The study, just completed, compared test scores of 46,000 charter school students in 20 states and the District -- almost every student attending the special schools with fewer restrictions than traditional public schools.

More than two-thirds of charter students were found to perform better in reading and math and to have a significant achievement advantage over students in the nearest regular public school.

"In the District of Columbia, where 11.3 percent of students are enrolled in charter schools -- by far the highest percentage of any state -- the charter school advantage is large," the report said. "There, fourth-grade charter students' advantage is 35 percent or more in both reading and math."

In California, which had 11,231 students enrolled in 199 charters, the largest number of any state, the proficiency advantage over nearby regular public schools was about 8 percent in reading and 3 percent in math.

In Arizona, with 108 charter schools, the proficiency advantage for fourth-graders was 7 percent in both. In Colorado, charter students perform 11 percent better.

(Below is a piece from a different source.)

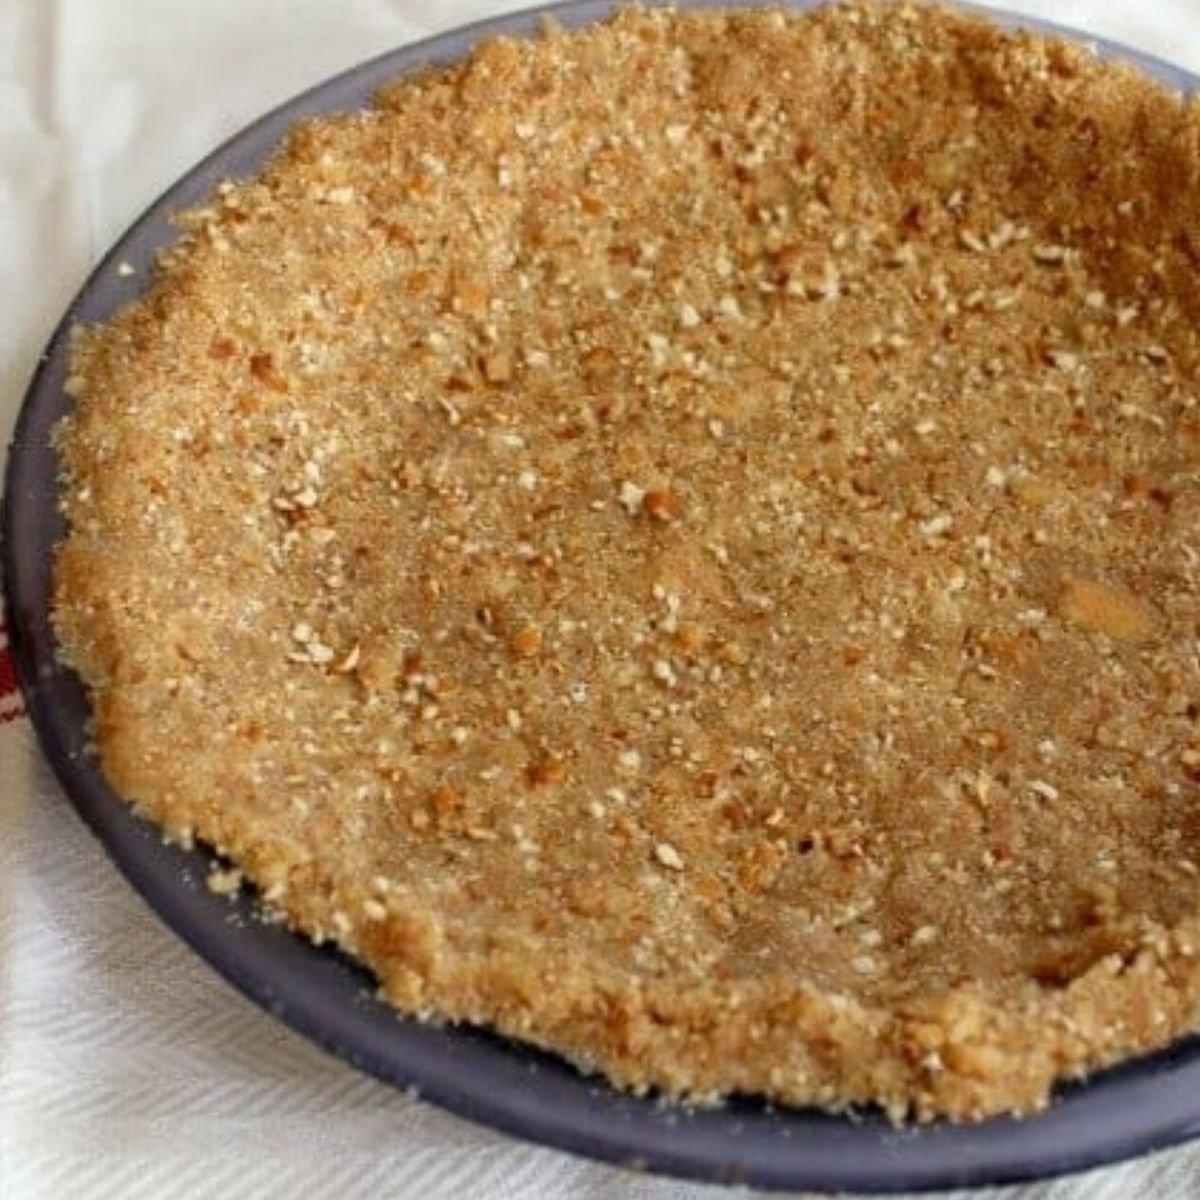 finished crumb crust in a pie plate.

Student performance in charter schools was significantly lower than regular nearby schools in just five states with about 30 percent of national charter enrollment, mostly minority children from poor families.

Those states were Michigan and North Carolina, where charter school performance was three to four percentage points lower, and New York, Ohio, and Texas, where performance was 8.7 to 11.4 points lower. The five states had 15,086 children in 371 charter schools.

Last month, the American Federation of Teachers (AFT) issued a report based on a sample of 3 percent of charter students that concluded their performance was below that of regular public school students.

The AFT report was criticized as "flawed" by Education Secretary Rod Paige, who said the public school union failed to compare the students' reading and math proficiency before enrolling in charter schools with their academic progress since.

Miss Hoxby, an expert on the economics of school choice with the National Bureau of Economic Research, said the AFT study was "junk research" and "misleading." Because charter schools enroll only 1.5 percent of students in America, she said a 3 percent sample amounted to only four fourth-graders in Connecticut charter schools, 14 in the District, 32 in New York, and 38 in New Jersey.

"A state's charter school policy cannot be evaluated using the equivalent of one or two classrooms of students," she said. "This study uses assessment data on 99 percent of fourth-graders enrolled in charter schools, except that fifth- or third-graders are used in states that do not test fourth-graders. ...

"Although it is too early to draw sweeping conclusions, the initial indications are that the average student attending a charter school has higher achievement than he or she otherwise would," Miss Hoxby said.

Also, education leaders point out, another important benefit of charter schools is better student behavior and character education that cannot be measured in the same way as academic proficiency.